In projects with multiple of executables that all need to be built in a multitude of configurations it can quickly overwhelm the developer to just build everything each time you change something. Something like <Core/New.h> ... Or some innocuous change somewhere that clearly isn't used anywhere else so I'll just check it in... Sounds familiar? Clearly building everything on the client machine before checking in is impractical, since it would take considerable amount of time just to build everything each time. Long checkin procedures usually leads to developers taking shortcuts and working on several things at once and then taking the hit of checking in later on, which in turn leads to larger change lists which in turn leads to harder to track changes and in the end horrible horrible bugs.

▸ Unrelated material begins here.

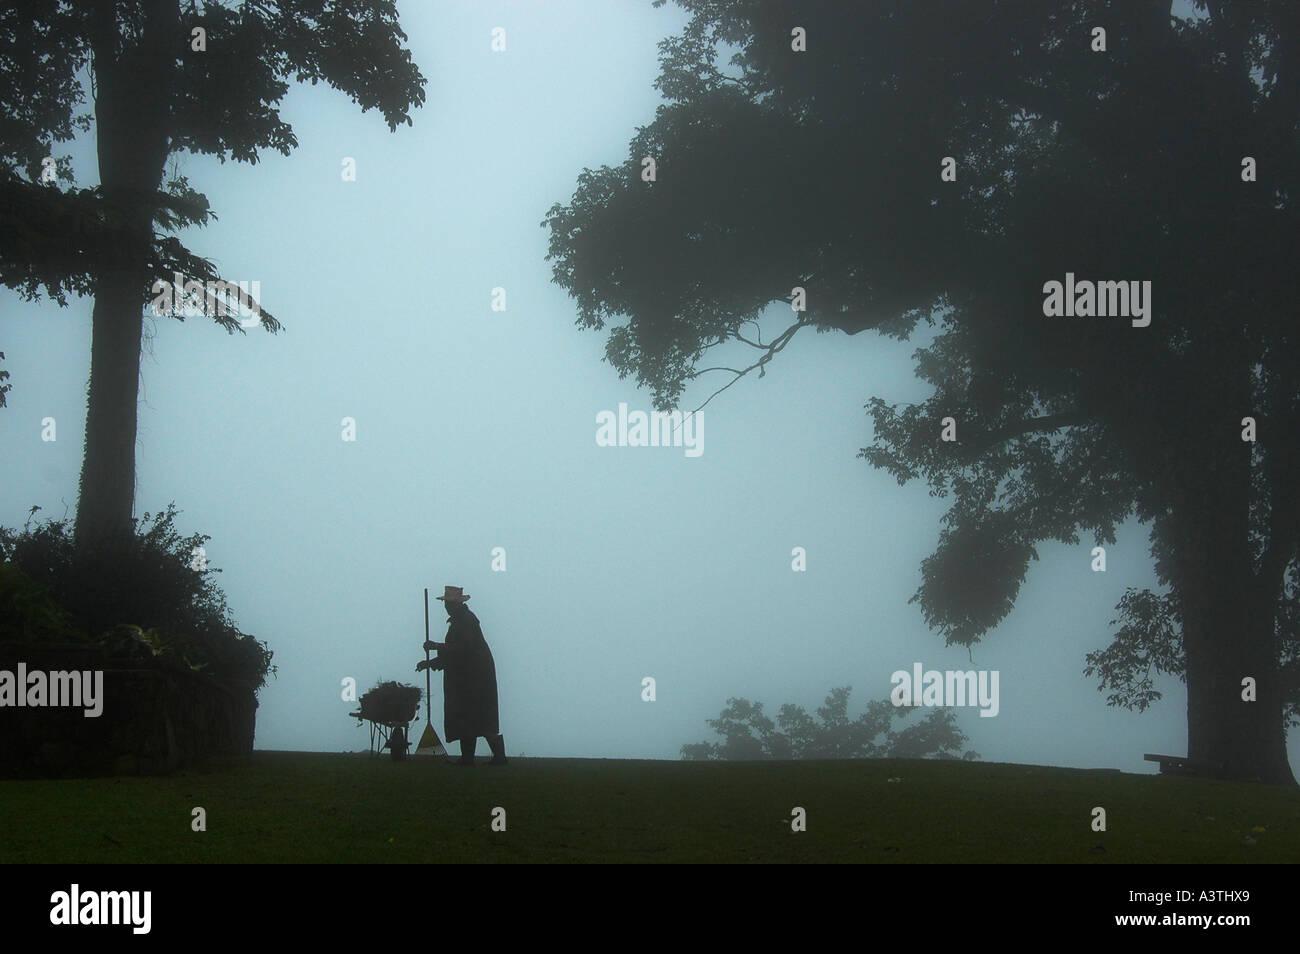 gardener in the mist, Zimbabwe - Stock Image

But checkins in the dark are usually breaking ones. Not in the main project. But in some obscure tool. Which of course you some weeks later on need to make a change in. Only not only doesn't it compile, but now it's riddled with bugs accumulated from several change lists over the course of six months. Sorting it out takes you the rest of the week.

Continuous integration

Continuous integration is the practice to have a server machine do a build of the repository after each commit. It's as easy as that. Almost. It's really easy to setup a server to do automatic builds, I'll describe one process later on in this article. The hard part comes from spreading a culture that a broken build is a bad bad thing. And getting people to fix it automatically. It is very easy to slip into the habit of ignoring these messages and let someone else deal with it.

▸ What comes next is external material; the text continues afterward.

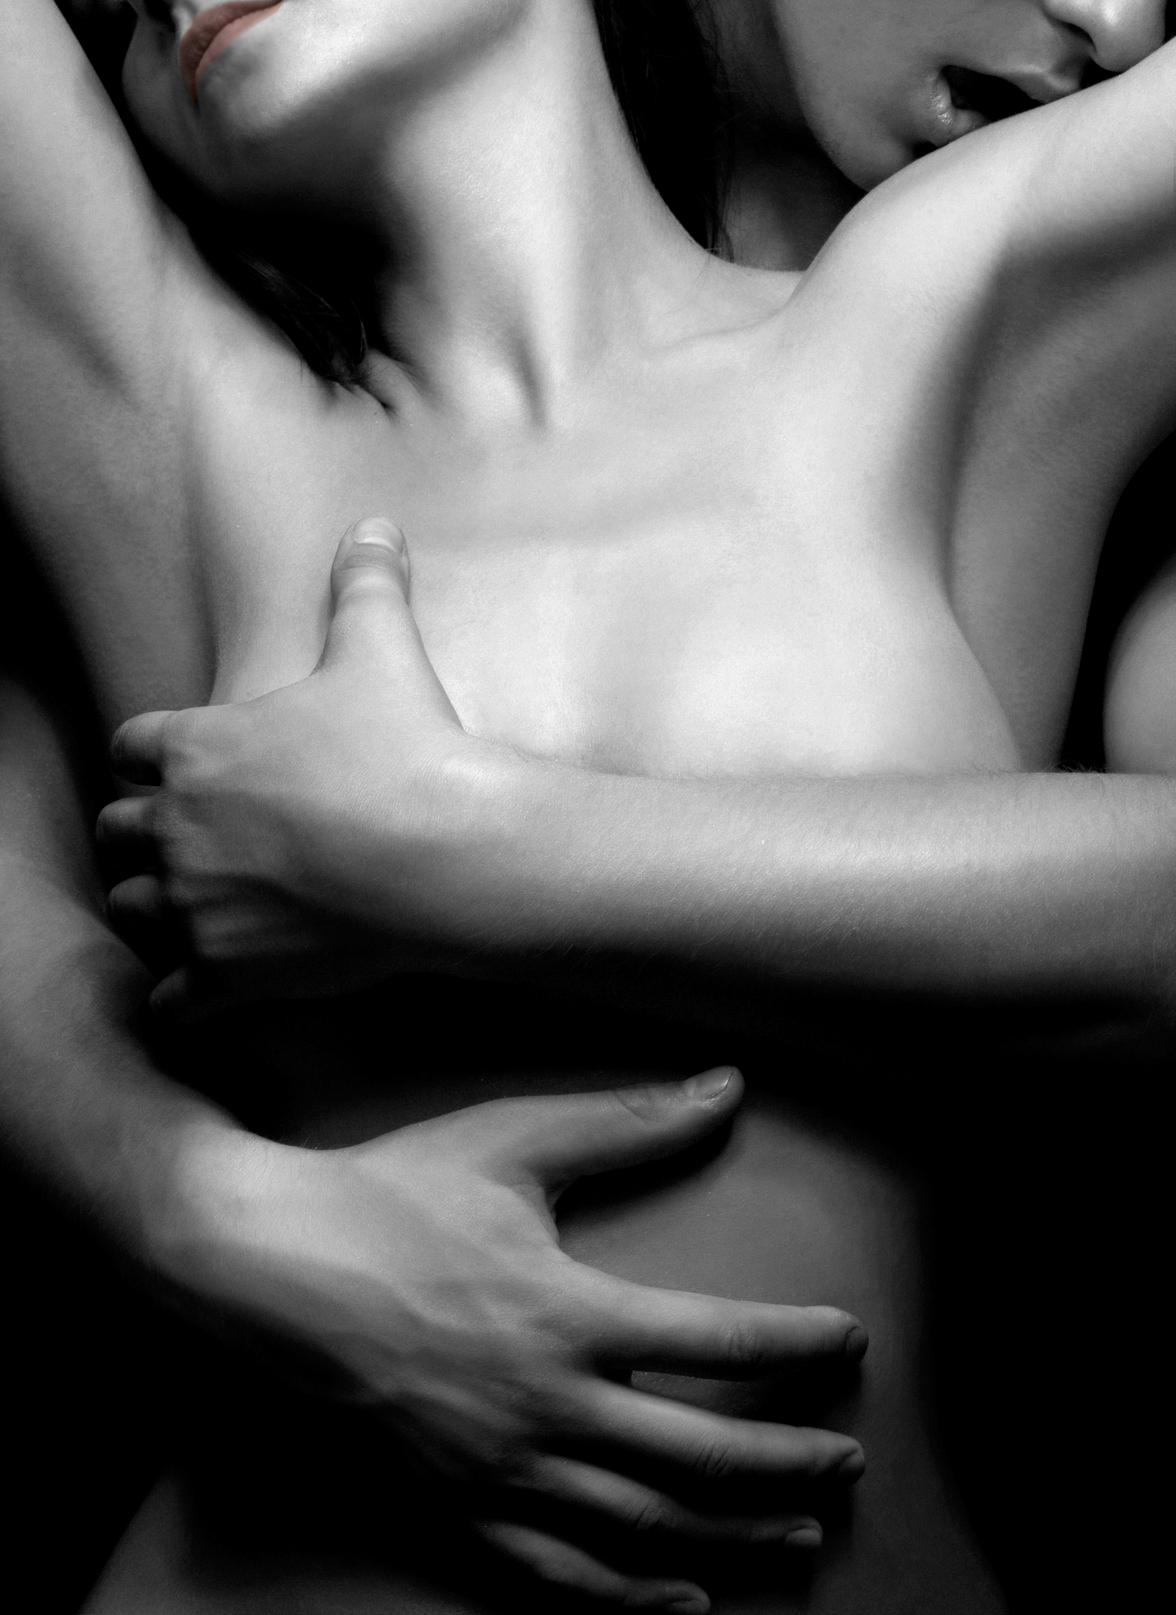 Naked hug romance

Cruise control will increas development speed

At one point I was stupid enough to setup a very very naive build server on a team I was on. We had builds on three platforms (Win32, Tools and Xbox) with a multitude of projects that needed checking. At the time we had problems that once you was forced to make a change in a tool, it was most certainly not compiling at all, and you had to spend the next half hour to track down what changed since last time, which could be several weeks; change lists pile up quite fast during that time. I decided to fix this and wrote a very naive python script that each time it woke up synced to the perforce depot and build everything and then mailed the result back to me. Yes. That's right. Only to me. Stupid. The rest of the project was spent fixing all the small errors in the various projects every morning I came in. But the project actually went smoother after this, whenever something broke it could be fixed fairly fast since the changes was fresh in our minds and limited to a few change lists.

Fast forward to present day. Today I've added a couple of more tricks to my bag and discovered Cruise Control .NET (CCnet from now on). With automatic unit tests and functional tests that the continuous integration server can run, you can be more confident that your change did not break anything. In order to get continuous integration (CI from now on) to work you need one step builds and tests, have everything you need for a build in source control and a server to run it all on.

The setup

Let's look at some of the things you'll need to get your very own CI server up and running. I'm assuming that you're primarily developing on windows boxes, as I got the feeling that most games developers are. If you're running UNIX, that's fine, you are probably going to have a much easier time since there is make, ant, apache and cruise control help you out. That setup is not that very different from this one, but if you're really on a UNIX box I'm assuming that you already know all this stuff and skip through this section.

Cruise control block diagram
Fig1: Cruise control setup in blocks. The black arrows are the queries by the dashboard, the green ones are the queries from the cctray application and the blue ones are the ones from the integrations server.

There are five pieces to the puzzle:

The integration server itself is just another C# program which can run in either console mode or service mode. It can be setup to poll the source repository and whenever it detects changes it starts a build. It can also send reports through email to people whenever a build finishes with the result.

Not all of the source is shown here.